Operators
Inko supports a variety of different operators, such as -
and %
. These
operators are infix operators, meaning you place the operators between the
operands. For example, to subtract b
from a
you'd write a - b
. We call
such expressions "binary expressions".
Unlike other languages, operators aren't limited to just numerical types. In fact, they are messages that any object can respond to; provided they implement the right trait(s).
Available operators
The following operators are available:
Operator | Example | Trait to implement |
---|---|---|
+ |
a + b |
Add |
/ |
a / b |
Divide |
* |
a * b |
Multiply |
- |
a - b |
Subtract |
% |
a % b |
Modulo |
< |
a < b |
Smaller |
> |
a > b |
Greater |
== |
a == b |
Equal |
>= |
a >= b |
GreaterOrEqual |
<= |
a <= b |
SmallerOrEqual |
& |
a & b |
BitwiseAnd |
| |
a | b |
BitwiseOr |
^ |
a ^ b |
BitwiseXor |
<< |
a << b |
ShiftLeft |
>> |
a >> b |
ShiftRight |
=~ |
a =~ b |
Match |
You can find these traits in the std::operators
module, and must import them
if you want to implement them for your type(s).
Inko does not support prefix operators such as !foo
.
Operator precedence
It's common for languages to give different operators a different precedence.
For example, in Ruby 1 + 2 * 4
is parsed as 1 + (2 * 4)
, producing 9
as
the result. In Inko, the associativity of operators is left-associative. This
means that 1 + 2 * 4
is parsed as (1 + 2) * 4
, producing 12
as the result.
Coming from other languages this may take some getting used to, and may even seen as a bug. But the choice is deliberate: it's easier to remember operator precedence if it's the same for all operators, instead of some operators having a different precedence.
If you want to force a different precedence, you want wrap an expression in
parentheses. For example, if we want 1 + 2 * 4
to be parsed as is done in
Ruby you' write:
1 + (2 * 4)
Eagerness
All operates use eager evaluation, and there is no way to evaluate operands in a lazy fashion.
Boolean operators
Most languages provide a &&
(boolean AND) and ||
(boolean OR) operator.
These operators typically use lazy evaluation, meaning that for expression foo
&& bar
the bar
part is only evaluated if foo
produces a boolean TRUE.
Inko does not provide these operators.
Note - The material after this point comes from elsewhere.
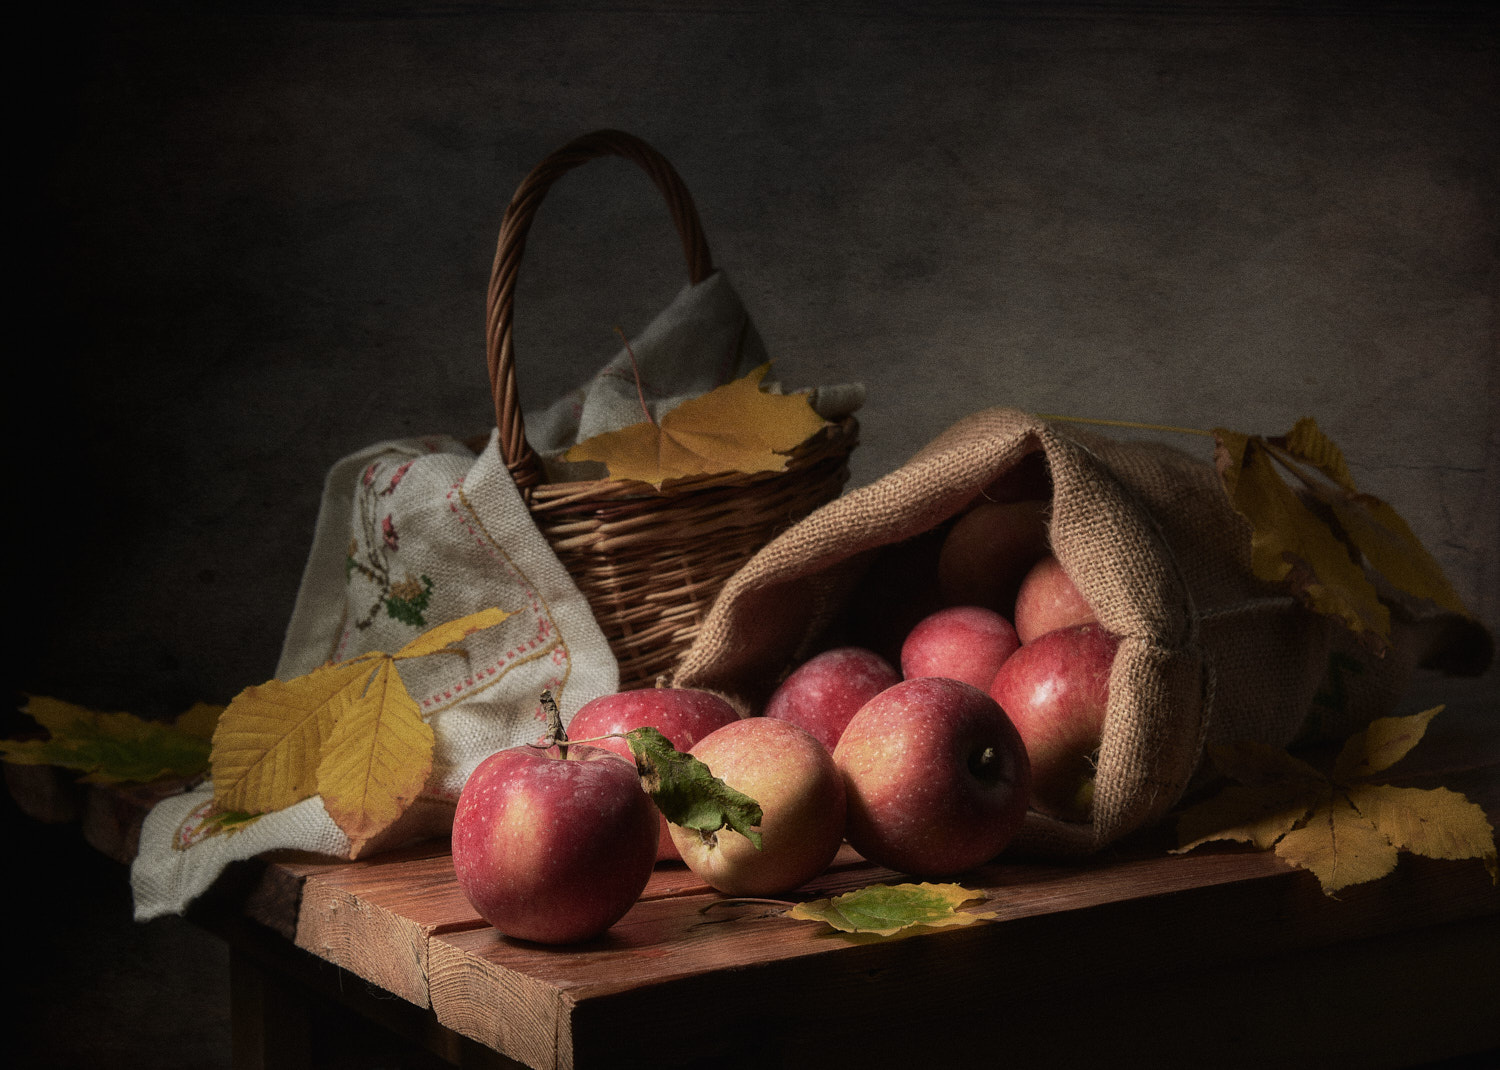 Яблоки из мешочка натюрморт композиция постановка сцена плоды еда фрукты яблоки урожай

Instead, all booleans respond to the
messages and
and or
, both which take a closure to evaluate. So instead of
writing foo && bar
you'd write foo.and { bar }
. Here are a few more
examples, using Ruby as a comparison:
Ruby | Inko |
---|---|
a && b |
a.and { b } |
a || b |
a.or { b } |
a && b && c |
a.and { b }.and { c } |
a && b || c |
a.and { b }.or { c } |
Sending messages
If you want to send a message to the result of a binary expression, you need to wrap the expression in parentheses. For example:
(1 + 2).to_string # => '3'
If you leave out the parentheses, the message will be sent to the operand on the right:
1 + 2.to_string
This results in Inko running 1 + '2'
, producing a compile-time error.
Indexing operators
There are two operators used for indexing/slicing: []
and []=
. The []
operator is used for accessing an index, while []=
is used for assigning a
value to an index. You use these as follows:
values[0]
values[0] = 42
These operators are just messages, meaning the above example translates to the following:
values.[](0)
values.[]=(0, 42)
Classes can support these operators by implementing the following methods:
def [](index: K) -> R
def []=(index: K, value: V) -> R
Here K
is the type of the index, such as an Integer
or a String
. R
is
the return type, and V
is the type of the value to set.
Instead of implementing these methods manually, you should implement the traits
std::index::Index
and std::index::SetIndex
. This ensures types providing
these operators do so using a consistent interface. Let's say we have a type for
storing single characters, defined like so:
class Chars {
@chars: Array!(String)
static def new(chars: Array!(String)) -> Self {
Self { @chars = chars }
}
}
We want to use it like so:
let chars = Chars.new(Array.new('a', 'b', 'c'))
chars[0] # => 'a'
chars[1] = 'd' # => 'd'
To achieve this, we implement the traits from std::index
as follows:
import std::index::(Index, SetIndex)
class Chars {
@chars: Array!(String)
static def new(chars: Array!(String)) -> Self {
Self { @chars = chars }
}
}
impl Index!(Integer, String) for Chars {
def [](index: Integer) -> String {
@chars[index]
}
}
impl SetIndex!(Integer, String) for Chars {
def []=(index: Integer, value: String) -> String {
@chars[index] = value
}
}
Tip
When implementing the [] method, it's expected for this method to panic when used with a key/index that doesn't exist.